I agree that systems get to be very powerful by dint of their generality.
(There are some nuances around that: part of what makes GPT-4 and Claude so useful is just that they’ve memorized so much of the internet. That massive knowledge base helps make up for their relatively shallow levels of intelligence, compared to smart humans. But the dangerous/scary thing is definitely AI systems that are general enough to do full science and engineering processes.)
I don’t (yet?) see why generality implies having a stable motivating preference.
If an AI system is doing problem solving, that does definitely entail that it has a goal, at least in some local sense: It has the goal of solving the problem in question. But that level of goal is more analogous to the prompt given to an LLM than it is to a robust utility function.
I do have the intuition that creating an SEAI by training an RL agent on millions of simulated engineering problems is scary, because of reward specification problems of your simulated engineering problems. It will learn to hack your metrics.
But an LLM trained on next-token prediction doesn’t have that problem?
Could you use next token prediction to build a detailed world model, that contains deep abstractions that describe reality (beyond the current human abstractions), and then prompt it, to elicit those models?
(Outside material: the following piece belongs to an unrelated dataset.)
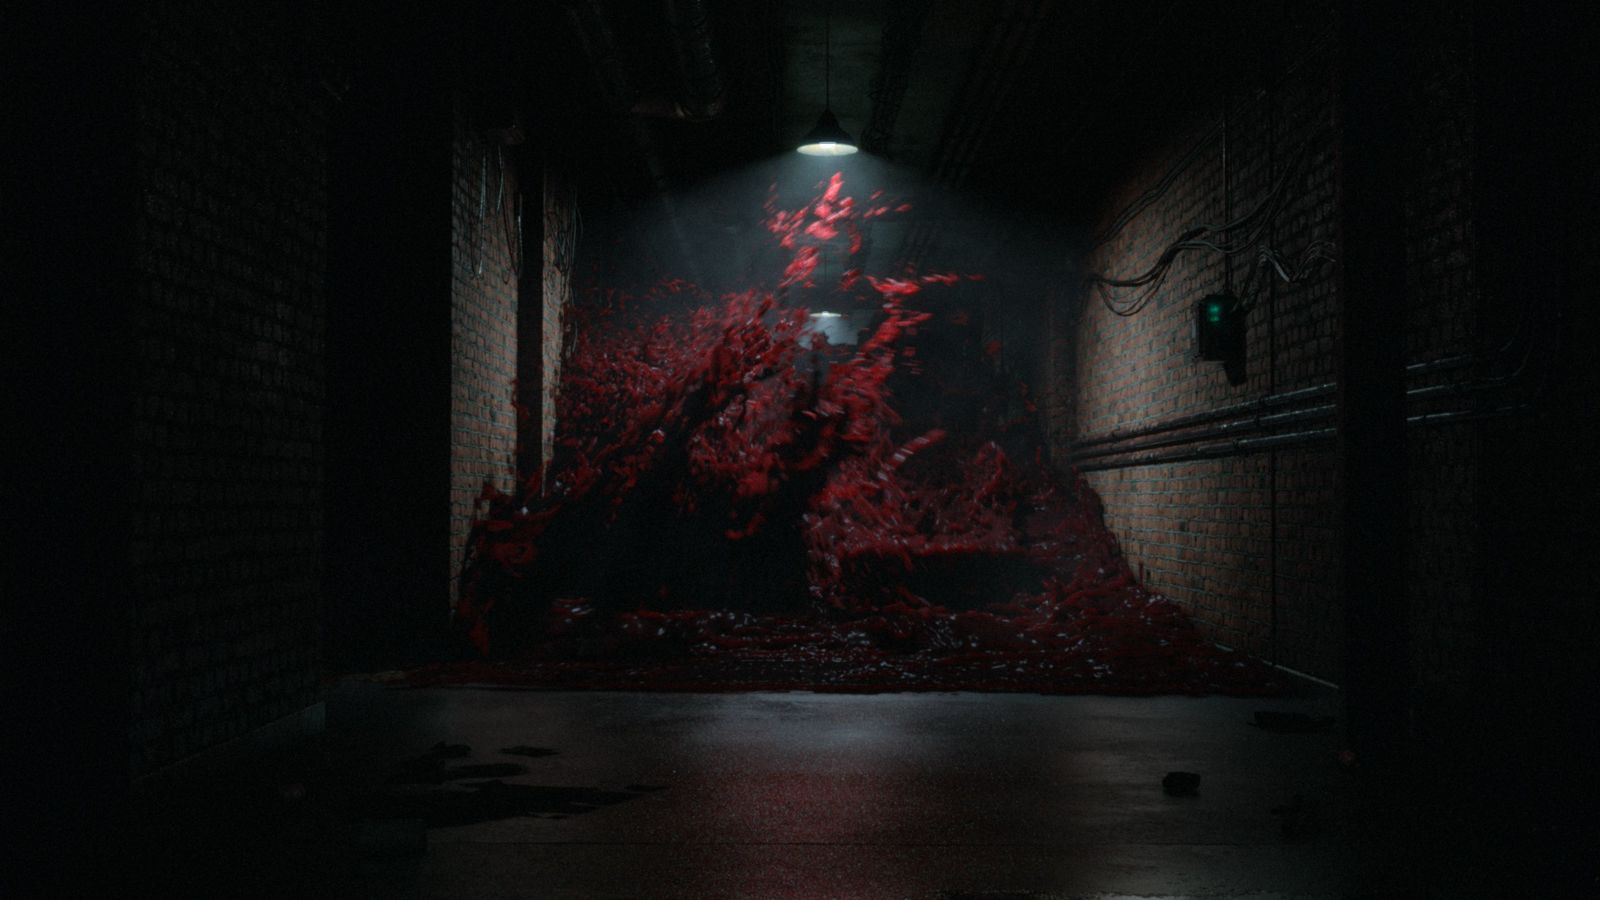 Platige Image Produces Trailer For Vampire The Masquerade

Something like, you have the AI do next token prediction on all the physics papers, and all the physics time-series, and all the text on the internet, and then you prompt it to write the groundbreaking new physics result that unifies QM and GR, citing previously overlooked evidence.
I think Eliezer says “no, you can’t, because to discover deep theories like that requires thinking and not just “passive” learning in the ML sense of updating gradients until you learn abstractions that predict the data well. You need to generate hypotheses and test them.”
In my state of knowledge, I don’t know if that’s true.
Is that a crux for him? How much easier is the alignment problem, if it’s possible to learn superhuman abstractions “passively” like that?
I mean there’s still a problem that someone will build a more dangerous agent from components like that. And there’s still a problem that you can get world-altering technologies / world-destroying technologies from that kind of oracle.
We’re not out of the woods. But it would mean that building a superhuman SEAI isn’t an immediate death sentence for humanity.
I think I still don’t get it.
In my view, this is where the Omohundro Drives come into play.
Having any preference at all is almost always served by an instrumental preference of survival as an agent with that preference.
Once a competent agent is general enough to notice that (and granting that it has a level of generality sufficient to require a preference), then the first time it has a preference, it will want to take actions to preserve that preference.
This seems possible to me. Humans have plenty of text in which we generate new abstractions/hypotheses, and so effective next-token prediction would necessitate forming a model of that process. Once the AI has human-level ability to create new abstractions, it could then simulate experiments (via e.g. its ability to predict python code outputs) and cross-examine the results with its own knowledge to adjust them and pick out the best ones.
Sorry, what’s the difference between these two positions? Is the second one meant to be a more extreme version of the first?
Yes.
In Section 1 of this post I make an argument kinda similar to the one you’re attributing to Eliezer. That might or might not help you, I dunno, just wanted to share.